EC2 Instances: Elastic Load Balancers can distribute traffic to EC2 instances, which are virtual servers in Amazon's Elastic Compute Cloud (EC2).
ECS Tasks: For applications running in Amazon Elastic Container Service (ECS), ELBs can route traffic to ECS tasks, which are Docker containers running on EC2 instances or AWS Fargate.
Lambda Functions: Application Load Balancers (ALBs) can invoke AWS Lambda functions based on HTTP(S) requests, enabling serverless architectures.
IP Addresses: ELBs can route traffic to specific IP addresses.
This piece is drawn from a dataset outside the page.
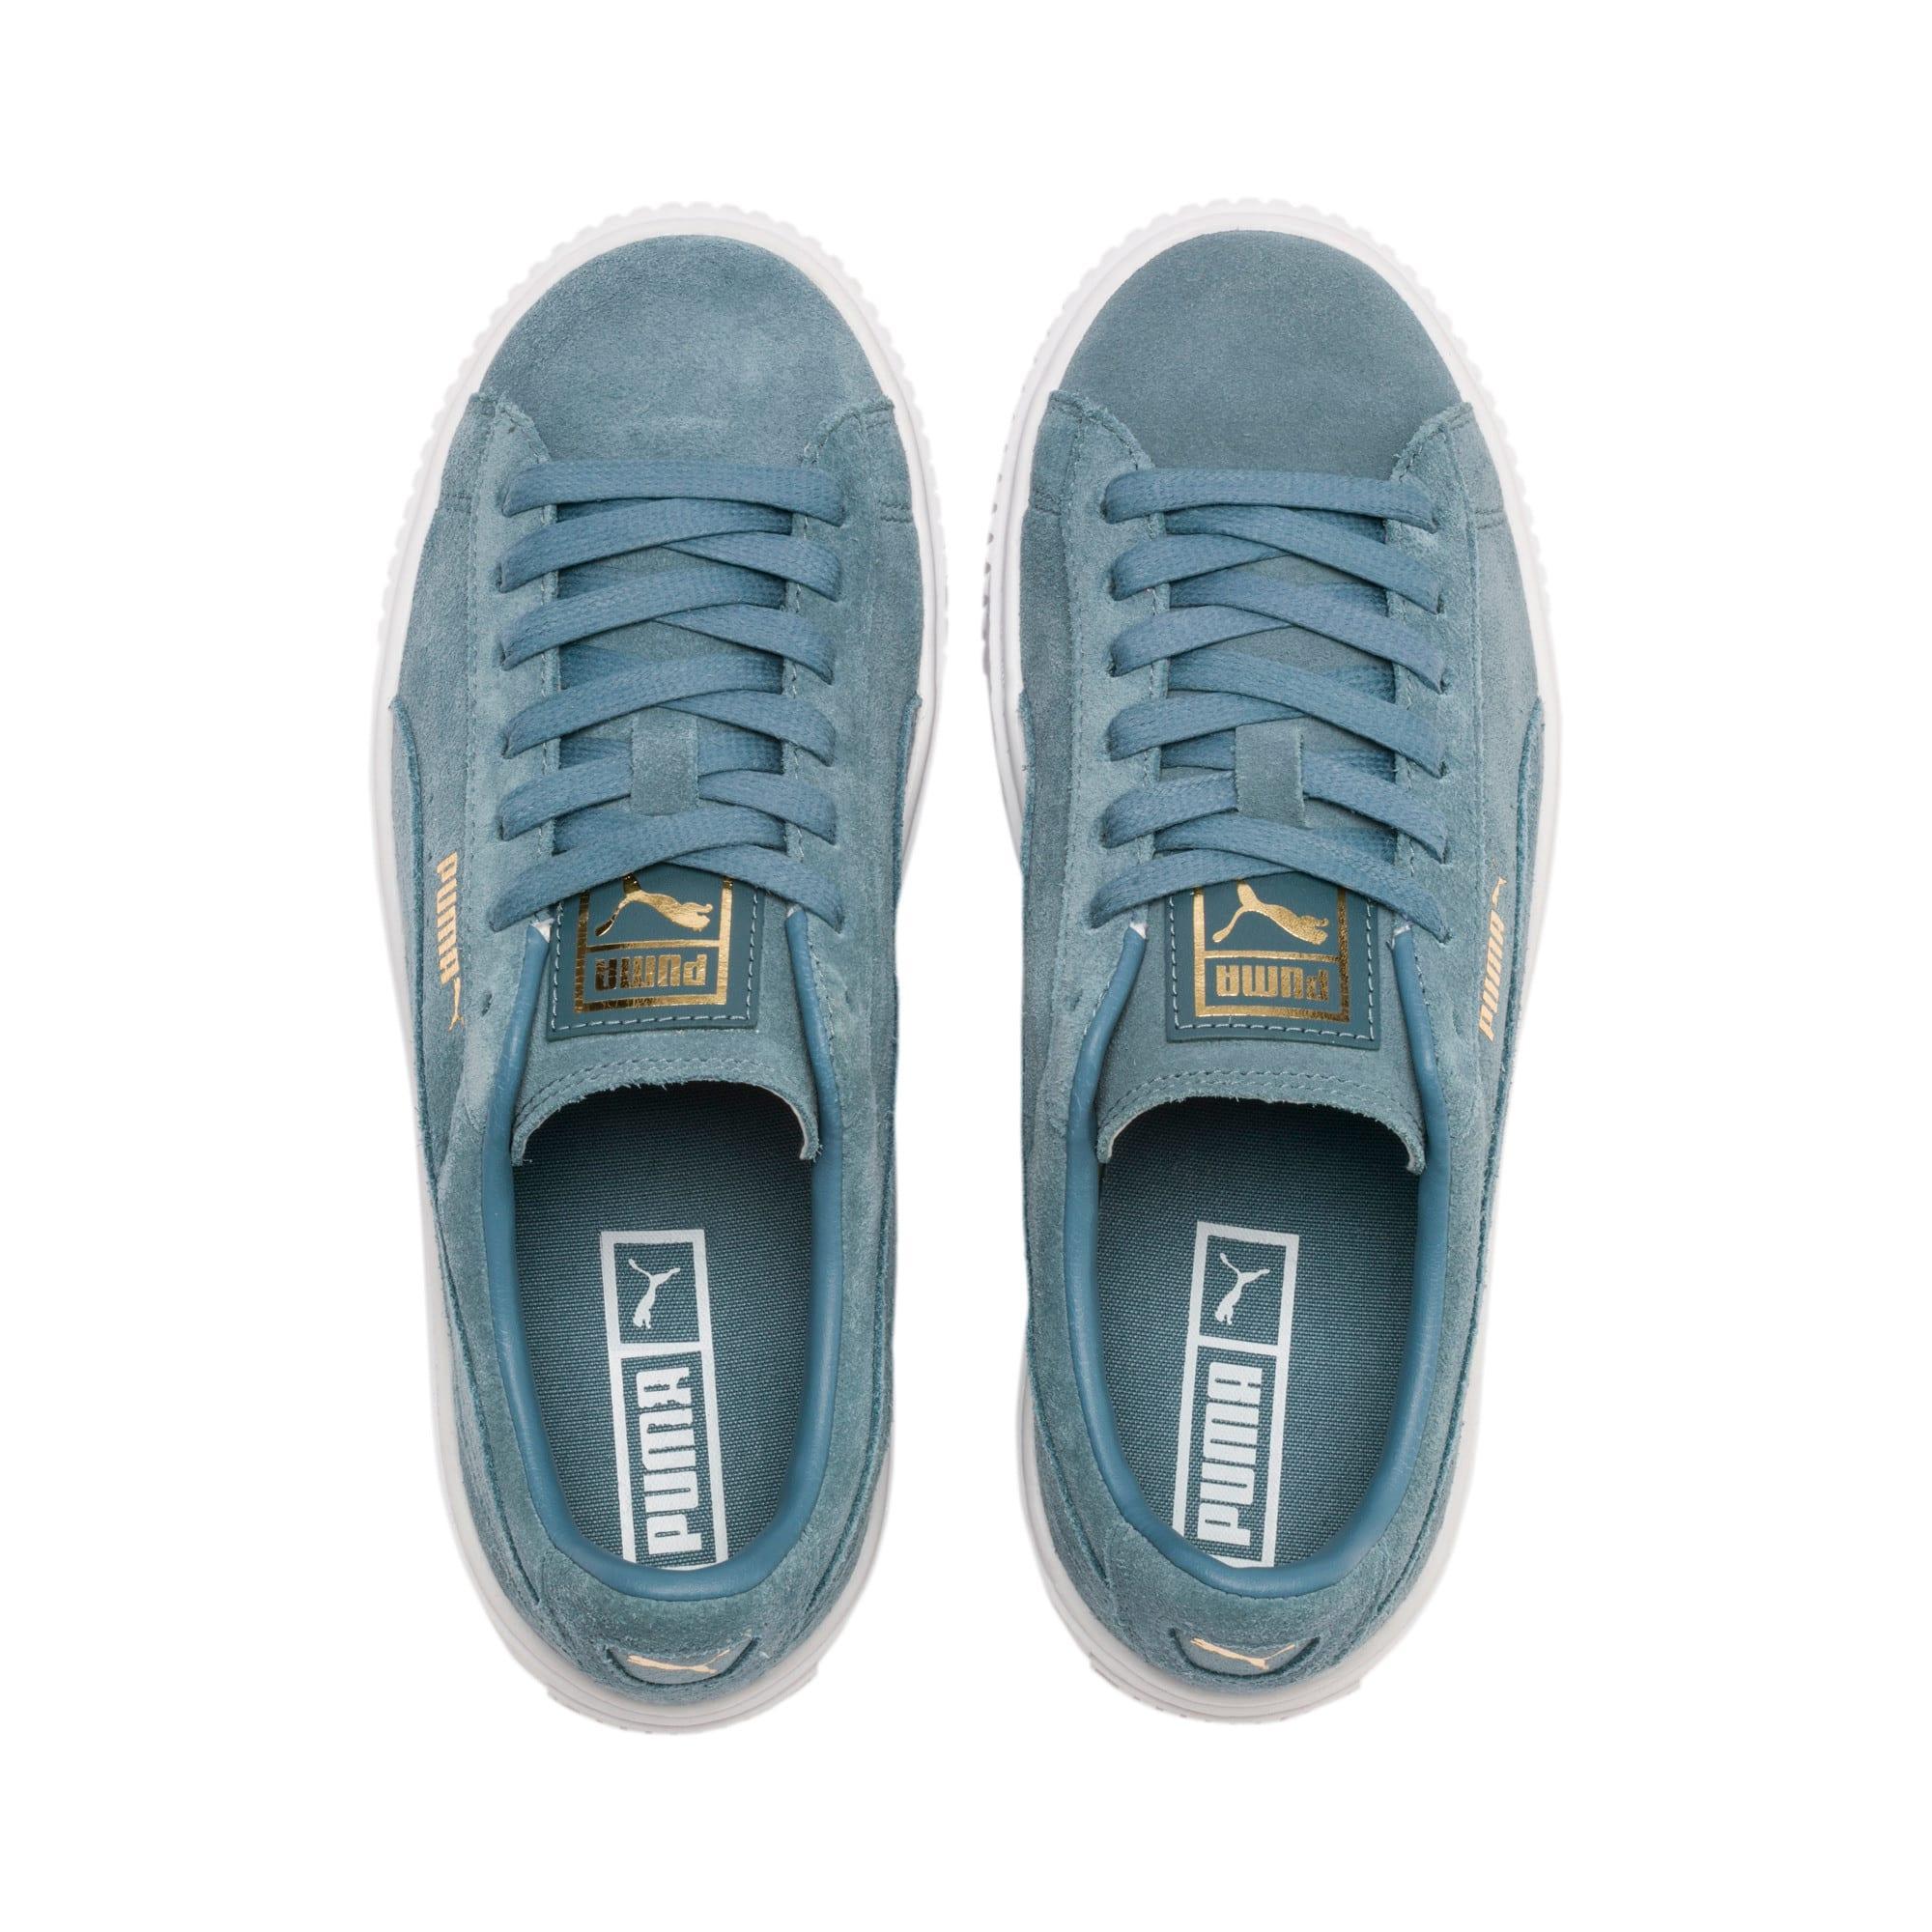 Thumbnail 7 of Suede Platform Women's Sneakers, Bluestone-Puma Team Gold, medium

This is useful for targeting resources that are hosted in on-premises data centers connected via AWS Direct Connect or a VPN, or in peered VPCs.
Containers: For containerized applications, ELBs can directly route traffic to Docker containers managed by ECS or Kubernetes on AWS EKS.
Auto Scaling Groups: ELBs work seamlessly with Auto Scaling Groups to adjust the amount of compute resources in response to incoming application traffic.
Amazon EC2 Spot Fleets: ELBs can distribute traffic across Spot Fleet instances, which are collections of EC2 spot instances.

Describe alternatives you've considered

None

Additional context

No response

abant07 commented 7 months ago

Hey is this an issue that still need someone to solve, if so, I can give it a shot

jfagoagas commented 7 months ago

Hi @Fennerr @abant07, I like the idea to check also ALBs since this will complement each check to truly know if they are publicly exposed or not. Our way to do this is to add more logic to the publicly exposed checks. Recently we have updated the rds_instance_no_public_access to verify if the Security Group attached has publicly exposed ports, thus accessible from the internet 0.0.0.0/0, as you can see here https://github.com/prowler-cloud/prowler/pull/3341.

I think for the improvement you want to do, we'll need to retrieve the following:

ALB/ELBs
Target Groups for each one
Security Groups for each one -- currently retrieved in the EC2 service and analysed to see if they are publicly accesible
Then, in each check, recover the IP address for the resource and see if it is attached to a Target Group
Once here, check the ALB/ELB Security Group

A note about development, it is important to store all of the above information using Python dictionaries since we will do several lookups by IPs or ARNs and will be much faster than looping all over lists.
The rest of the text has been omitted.